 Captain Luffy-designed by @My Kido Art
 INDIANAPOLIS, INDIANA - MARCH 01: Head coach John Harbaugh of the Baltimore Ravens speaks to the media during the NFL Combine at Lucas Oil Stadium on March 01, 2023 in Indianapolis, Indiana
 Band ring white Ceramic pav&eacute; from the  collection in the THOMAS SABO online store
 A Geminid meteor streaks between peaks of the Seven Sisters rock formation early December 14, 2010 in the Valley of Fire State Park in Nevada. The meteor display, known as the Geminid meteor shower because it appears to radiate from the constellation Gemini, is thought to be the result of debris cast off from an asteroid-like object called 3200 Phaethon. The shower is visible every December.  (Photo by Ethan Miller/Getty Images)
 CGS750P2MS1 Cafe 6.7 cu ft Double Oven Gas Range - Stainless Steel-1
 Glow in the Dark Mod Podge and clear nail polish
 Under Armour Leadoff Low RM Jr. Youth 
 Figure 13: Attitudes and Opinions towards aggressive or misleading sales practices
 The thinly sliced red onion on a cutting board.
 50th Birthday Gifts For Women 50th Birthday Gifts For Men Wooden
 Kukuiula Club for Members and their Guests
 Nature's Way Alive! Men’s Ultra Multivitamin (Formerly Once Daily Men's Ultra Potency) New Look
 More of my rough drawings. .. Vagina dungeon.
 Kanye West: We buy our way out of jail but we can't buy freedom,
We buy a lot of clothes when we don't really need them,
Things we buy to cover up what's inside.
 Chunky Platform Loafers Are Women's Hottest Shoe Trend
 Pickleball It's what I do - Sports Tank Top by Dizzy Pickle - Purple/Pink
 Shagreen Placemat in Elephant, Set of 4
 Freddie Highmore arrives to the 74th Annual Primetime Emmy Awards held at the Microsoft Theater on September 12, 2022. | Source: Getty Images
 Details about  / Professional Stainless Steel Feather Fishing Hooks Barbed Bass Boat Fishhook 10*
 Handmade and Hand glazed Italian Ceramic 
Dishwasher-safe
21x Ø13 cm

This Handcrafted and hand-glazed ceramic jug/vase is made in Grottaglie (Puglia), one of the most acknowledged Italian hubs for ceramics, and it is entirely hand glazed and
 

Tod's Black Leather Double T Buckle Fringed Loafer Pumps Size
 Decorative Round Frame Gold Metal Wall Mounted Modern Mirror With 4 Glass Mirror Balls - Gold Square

* * * * * * *

Start at the first line of the entries above. Set down each line exactly through the one with "Band ring white", and stop there.

# [Written solution]
 Captain Luffy-designed by @My Kido Art
 INDIANAPOLIS, INDIANA - MARCH 01: Head coach John Harbaugh of the Baltimore Ravens speaks to the media during the NFL Combine at Lucas Oil Stadium on March 01, 2023 in Indianapolis, Indiana
 Band ring white Ceramic pav&eacute; from the  collection in the THOMAS SABO online store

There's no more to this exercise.